With vectors, the default is to print their values in parallel. Alternatively, you can request that structures are printed in series, one below another, by setting option SERIAL=yes. Of course, if the structures to be printed have different shapes or sizes, their values can be printed only in series. The setting SERIAL=no is then ignored except that, to save space, any vectors or pointers are then printed across the page (that is, as though you had set ORIENTATION=across).
GenStat annotates each set of values by the identifier of the structure (but this can be controlled by the IPRINT option or the HEADING parameter described below), and it automatically chooses a suitable format. For a numerical structure, the default is to use a field of f characters. Generally, the value of f is 12, but another value can be defined using the FIELDWIDTH option of the SET directive. If the DECIMALS parameter was set when the structure was declared, this will define the number of decimal places in the output; otherwise, the number of decimal places is determined by calculating the number that would be required to print its mean absolute value to at least d significant figures. Generally, d is four, but this can be redefined using the SIGNIFICANTFIGURES option of the SET directive. Texts (and labels of factors) are usually printed in a field of f characters but this is extended if any of the strings in the text requires a wider field. You can define your own formats using the parameters FIELDWIDTH, DECIMALS, CHARACTERS, SKIP and JUSTIFICATION.
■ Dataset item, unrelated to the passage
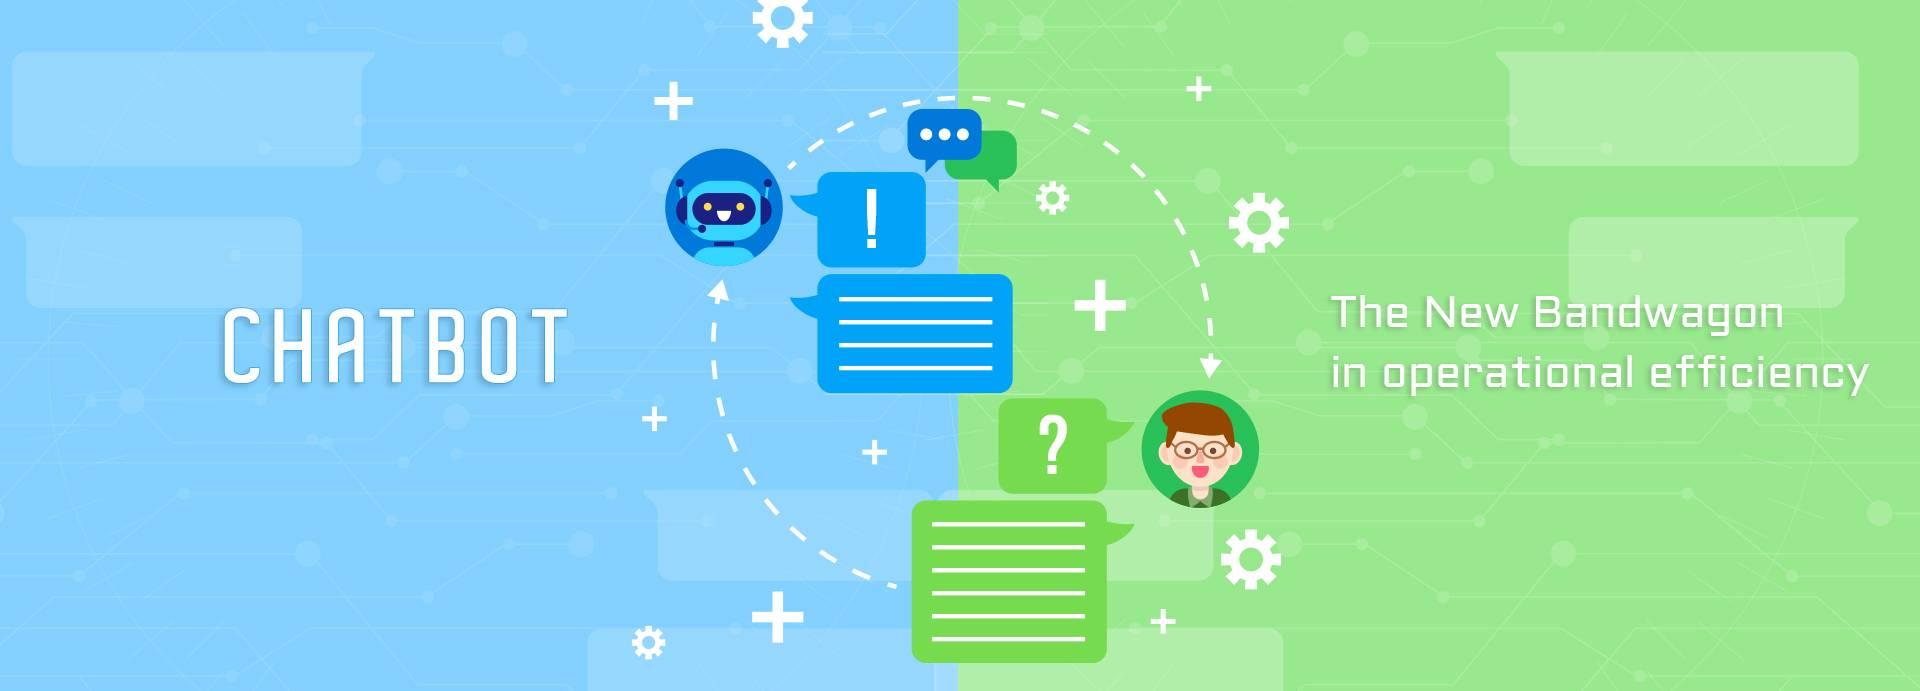 Chatbot &#8211; The New Bandwagon in operational efficiency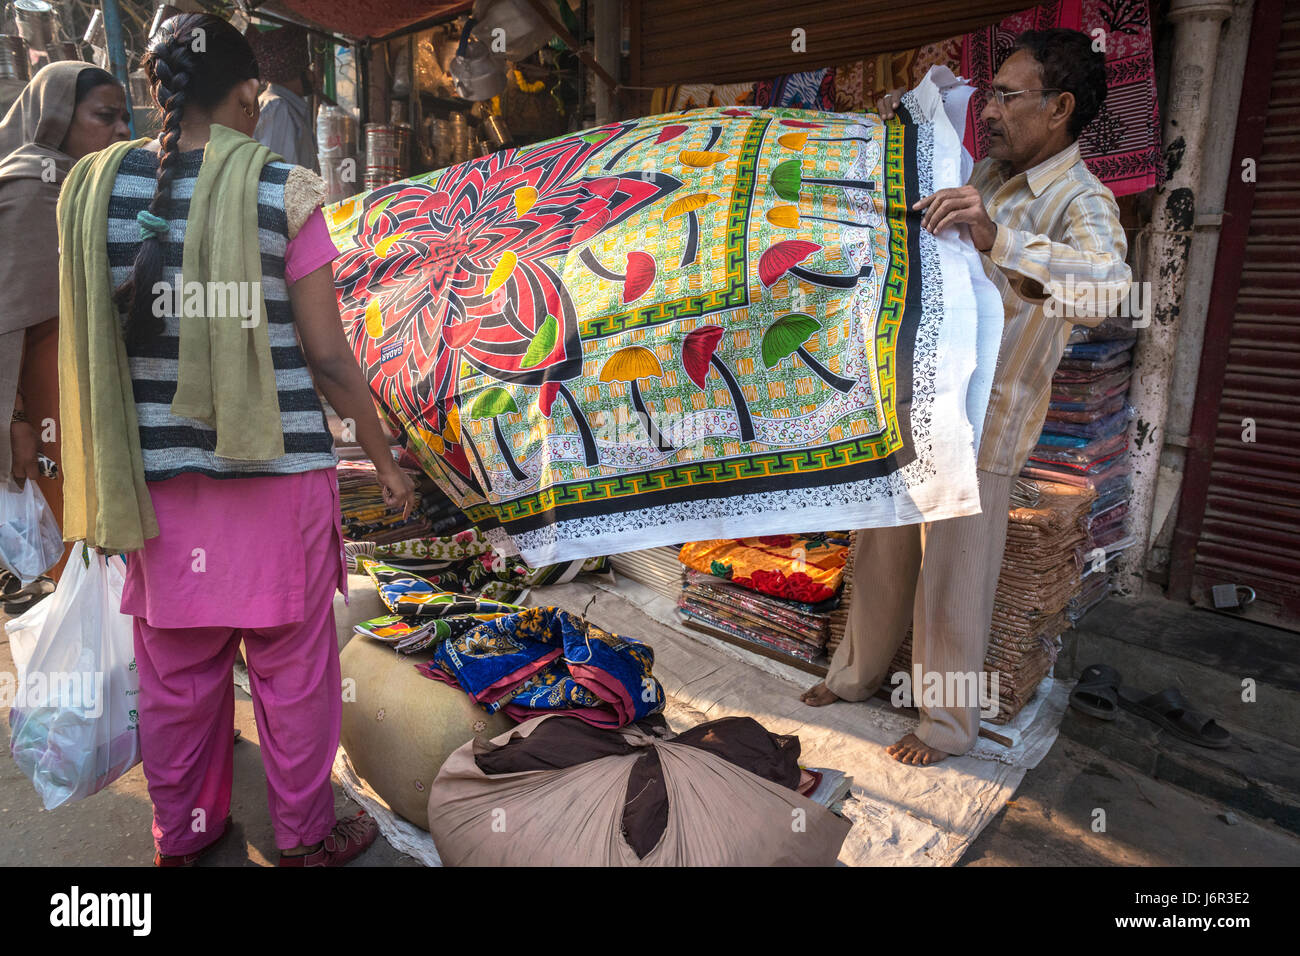 Delhi, India - 10 November 2012 - Two women buying a colorful table cloth from a street vendor, a very popular way of finding a bargin. Stock Photo

FIELDWIDTH and DECIMALS both operate in a straightforward way. The only potential complication is that a negative FIELDWIDTH can be used to print numbers in scientific format (for example 7.3 E1 instead of 73), with DECIMALS significant places. The DECIMALS parameter is ignored for strings, like the labels of the factors Source and Amount. For a numerical data structure, you can either set DECIMALS to a scalar to use the same number of decimals for all the values of the structure. Alternatively, if you want to use a different number of decimals for each value, you can supply a data structure of the same type and size as STRUCTURE. If DECIMALS is omitted or if it contains a missing value, a default is used which prints the mean absolute value to d significant figures, as above.
In the same way, the CHARACTERS parameter is ignored for numbers; for strings, it allows you to control the number of characters that are printed. By default, GenStat prints all the characters in each string of a text or factor label, unless the CHARACTERS parameter was set to a lesser number when the text or factor was declared.
Textual strings can contain typesetting commands to represent Greek and special symbols. (These are most useful in PRINT, but can be used in any directive that generates output.) The commands are converted automatically by GenStat to match the style of output (HTML, LaTeX, plain-text or RTF). The commands are all introduced by the character tilde (~). So, to use tilde as an ordinary character, you need to specify the special symbol ~{~} as defined below.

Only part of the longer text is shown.